Сказала на следующий день угрюмой матери о своем решении. Та согласилась на удивление легко: "Езжай. С глаз долой!" – "Из сердца – вон" – тихо прошептала Вера скорее про себя, чем вслух и пошла на Курский вокзал, в чем была. Шел месяц март победного сорок пятого.
Поезда ходили до Тулы плохо, далее шли – прямо до сгоревшего Орла, нигде не останавливаясь, у города Чернь пришлось прыгать, и хоть товарняк и шел медленно, затекшие ноги Вера отбила сильно, потом долго еще лежала в грязи под откосом, приходила в себя. От Черни до самой деревни Лужны пехом было ровно 25 километров, все так и шли, если не было лошади. Теперь не то, что лошади, или коровы, собак не осталось. Но по краям дороги, в мелких перелесках, завывали по ночам настоящие волки. Вера встряхнулась и пристроила на плечо маленькую холщовую котомку с сушеными объедками из московской офицерской столовой и с парой новых галош "от сестре Польке", как написала, уничижительно прося принять на временный кошт непутевую дочь, сама Пелагея.
Поездами до Черни Вера ехала неделю, и от самой Черни до деревни шла она по весеннему мартовскому рыхлому снегу на едва заметно притоптанном "тракте". Давно голодная, в дырявых блестящих "ботиках" на босу ногу, без туфель внутри, напихав в мягкие дыры для несуществующих каблуков завернутых в клоки газеты "слоников" с комода, мраморных, а может и гипсовых, размером поболее из семи штук, что стояли в каждой почти семье. Все "слоны" рассыпались в прах в этих пустых каблуках, натерев огромные кровавые мозоли на самой середине обеих пяток.
"Ах, да ты бы, дочка, Верочка, галошки – то енти, Полькин подарок, еще бы сверху наобула, да веревочками-то и подвязала, все бы посуше было ножкам!" – сокрушалась тетя Саша, увидев у себя на пороге дрожащий "шкелет".
Веру раздели, оттерли снегом, накормили и положили на овчину на теплую печь.
И тут она стала умирать. От заворота кишок; от воспаления легких; от всего прожитого куска семнадцатилетней короткой жизни своей.
Но было не время ей тогда еще. Болела она месяца два. К Первомаю, дрожа, встала сама с печки, на тонкие ноги.
"Святая Богородица!" – и баба Саша бухнулась перед Верой на колени, как перед иконой.
Через немного дней объявили Победу. Это и было Воскресение из мертвых.
Часть 11. Неудачная дочь
Все-таки было в Верочке нечто неземное. Не от мира сего. И дело не только в красоте. Некоторые бабы утверждали на полном серьезе, что она – ведьма.
Все существа мужского пола, от стариков до подростков, не могли обойти ее вниманием. А женщины из ее окружения, да и просто впервые столкнувшиеся с ней в присутствии "своих" мужчин, если не так далеки были от Веры по возрасту, наблюдая за реакцией своих спутников, становились какими-то нервными и злыми.
А те из теток, что годились в матери и Вере, и ее ровесникам-пацанам, скептически поджимали губы и начинали вдруг говорить гадости "о таких, как Эта", не называя ее дальше ни по имени, никак.

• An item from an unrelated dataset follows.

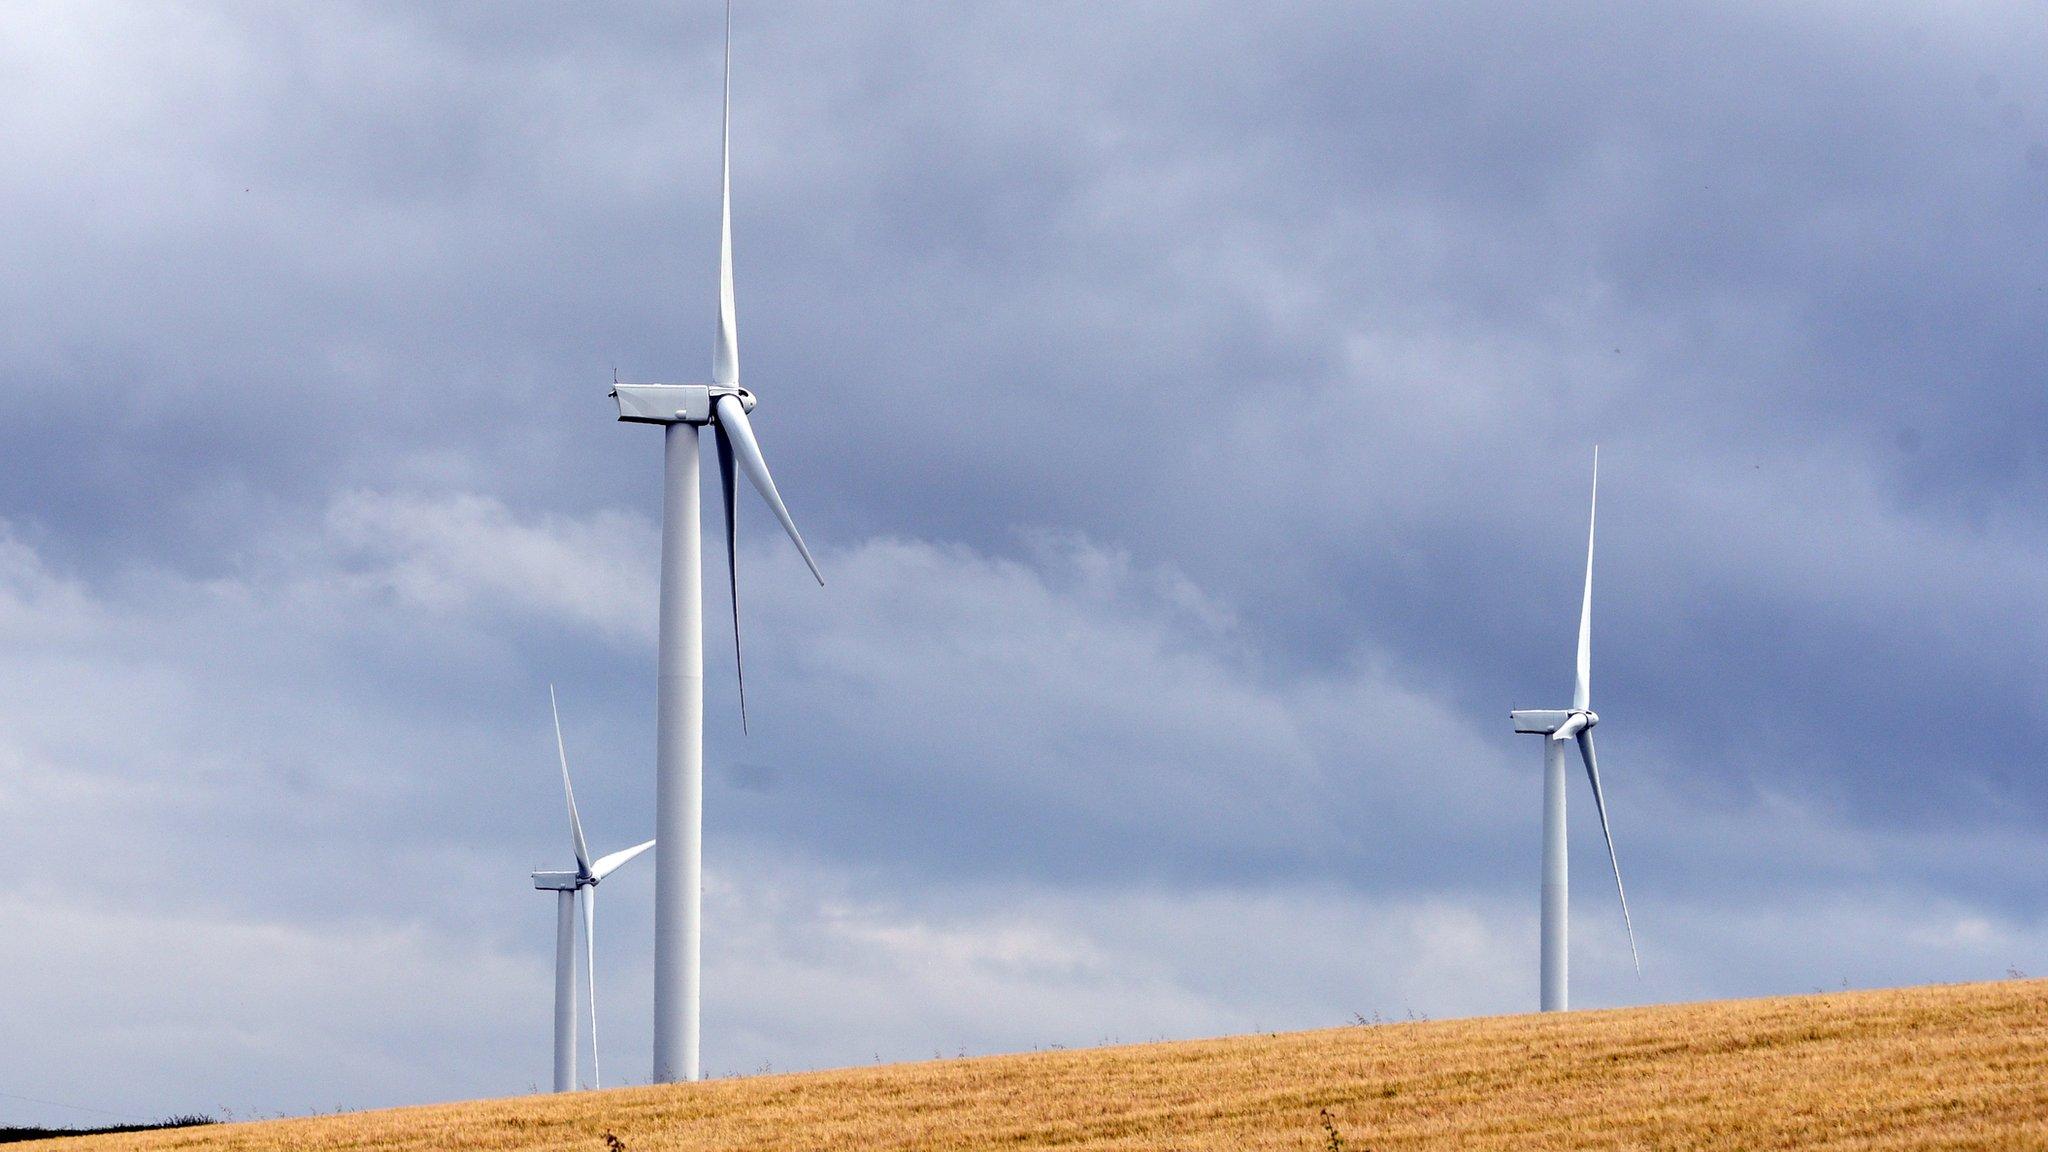 Four in 10 wind turbine appeals won
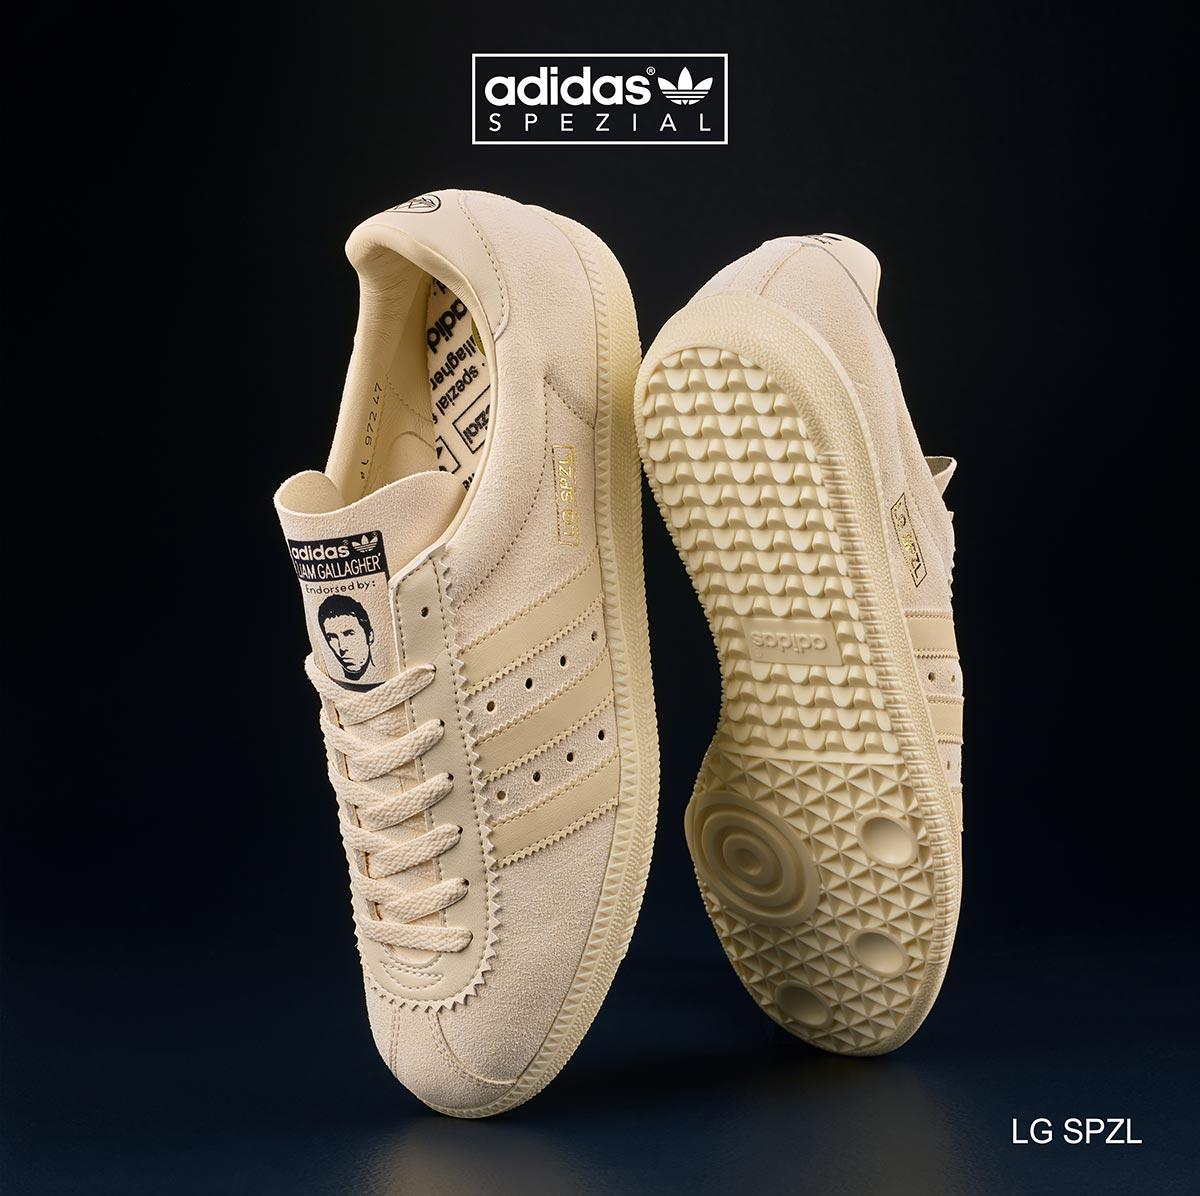 adidas 'LG SPZL' | Raffle closed

То есть в присутствии Веры сами становились ведьмами.
Только очень пожилые и культурные женщины, которых в любом их возрасте можно было именовать "дамами", а также добрые и простые старухи, особенно деревенские, Верочку обожали.
К стану обожателей примыкало также несколько Верочкиных ровесниц, которые, как говорится, "не вышли лицом", а то и попросту были дурнушками. Эти некрасивые приятельницы любили Верочку бескорыстно и самозабвенно, беспрекословно подчинялись ее воле. Одна из дворовых соседских девчонок, длинная и сухая, как жердь, "зато умная", потому что всегда носила очки, Юлька-ЮлИща, и другая, толстая, как шар, кудрявая, как овца, Нинон, составляли по своей доброй воле постоянную Верочкину "свиту" в Москве. Высокомерная Капа, неразлучная подруга, прозвала их "Пат и Паташонок". Эти девушки Вере не завидовали; они попросту купались в лучах ее невольного и легкого, но оттого не менее могучего торжества над мужиками.